→ **To do**:
Beginning with the line that holds "モール冷茶 ５客セット ◆ガラス器", retype the rest of the listing exactly, last line included.

→ **Input data**:
>>>
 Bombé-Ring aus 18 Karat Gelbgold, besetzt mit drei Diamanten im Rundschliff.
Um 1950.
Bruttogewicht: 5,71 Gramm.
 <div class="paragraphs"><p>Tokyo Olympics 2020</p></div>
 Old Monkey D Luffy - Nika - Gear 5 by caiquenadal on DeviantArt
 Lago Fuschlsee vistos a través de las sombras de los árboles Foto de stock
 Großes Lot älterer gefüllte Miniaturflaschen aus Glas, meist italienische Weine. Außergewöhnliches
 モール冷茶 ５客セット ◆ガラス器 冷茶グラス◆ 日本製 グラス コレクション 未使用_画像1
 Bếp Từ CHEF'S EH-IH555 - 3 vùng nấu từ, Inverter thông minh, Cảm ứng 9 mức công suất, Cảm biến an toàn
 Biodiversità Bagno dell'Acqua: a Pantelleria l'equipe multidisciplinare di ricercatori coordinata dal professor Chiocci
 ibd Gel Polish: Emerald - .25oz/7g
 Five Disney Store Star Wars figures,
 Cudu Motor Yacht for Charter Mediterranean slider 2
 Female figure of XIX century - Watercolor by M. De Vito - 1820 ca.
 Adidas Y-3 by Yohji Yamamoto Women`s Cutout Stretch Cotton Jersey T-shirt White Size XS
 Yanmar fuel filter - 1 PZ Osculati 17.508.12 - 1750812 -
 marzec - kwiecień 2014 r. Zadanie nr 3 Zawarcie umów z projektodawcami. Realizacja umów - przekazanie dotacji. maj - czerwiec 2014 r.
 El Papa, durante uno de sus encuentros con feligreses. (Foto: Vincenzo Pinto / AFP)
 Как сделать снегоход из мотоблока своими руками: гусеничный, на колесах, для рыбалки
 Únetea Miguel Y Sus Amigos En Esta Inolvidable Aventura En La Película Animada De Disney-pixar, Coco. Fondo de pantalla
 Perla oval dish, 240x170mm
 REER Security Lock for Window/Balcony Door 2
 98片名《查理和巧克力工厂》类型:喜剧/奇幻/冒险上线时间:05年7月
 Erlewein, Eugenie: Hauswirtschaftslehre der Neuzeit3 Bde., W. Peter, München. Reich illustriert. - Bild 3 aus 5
<<<
→ **Solution**:
 モール冷茶 ５客セット ◆ガラス器 冷茶グラス◆ 日本製 グラス コレクション 未使用_画像1
 Bếp Từ CHEF'S EH-IH555 - 3 vùng nấu từ, Inverter thông minh, Cảm ứng 9 mức công suất, Cảm biến an toàn
 Biodiversità Bagno dell'Acqua: a Pantelleria l'equipe multidisciplinare di ricercatori coordinata dal professor Chiocci
 ibd Gel Polish: Emerald - .25oz/7g
 Five Disney Store Star Wars figures,
 Cudu Motor Yacht for Charter Mediterranean slider 2
 Female figure of XIX century - Watercolor by M. De Vito - 1820 ca.
 Adidas Y-3 by Yohji Yamamoto Women`s Cutout Stretch Cotton Jersey T-shirt White Size XS
 Yanmar fuel filter - 1 PZ Osculati 17.508.12 - 1750812 -
 marzec - kwiecień 2014 r. Zadanie nr 3 Zawarcie umów z projektodawcami. Realizacja umów - przekazanie dotacji. maj - czerwiec 2014 r.
 El Papa, durante uno de sus encuentros con feligreses. (Foto: Vincenzo Pinto / AFP)
 Как сделать снегоход из мотоблока своими руками: гусеничный, на колесах, для рыбалки
 Únetea Miguel Y Sus Amigos En Esta Inolvidable Aventura En La Película Animada De Disney-pixar, Coco. Fondo de pantalla
 Perla oval dish, 240x170mm
 REER Security Lock for Window/Balcony Door 2
 98片名《查理和巧克力工厂》类型:喜剧/奇幻/冒险上线时间:05年7月
 Erlewein, Eugenie: Hauswirtschaftslehre der Neuzeit3 Bde., W. Peter, München. Reich illustriert. - Bild 3 aus 5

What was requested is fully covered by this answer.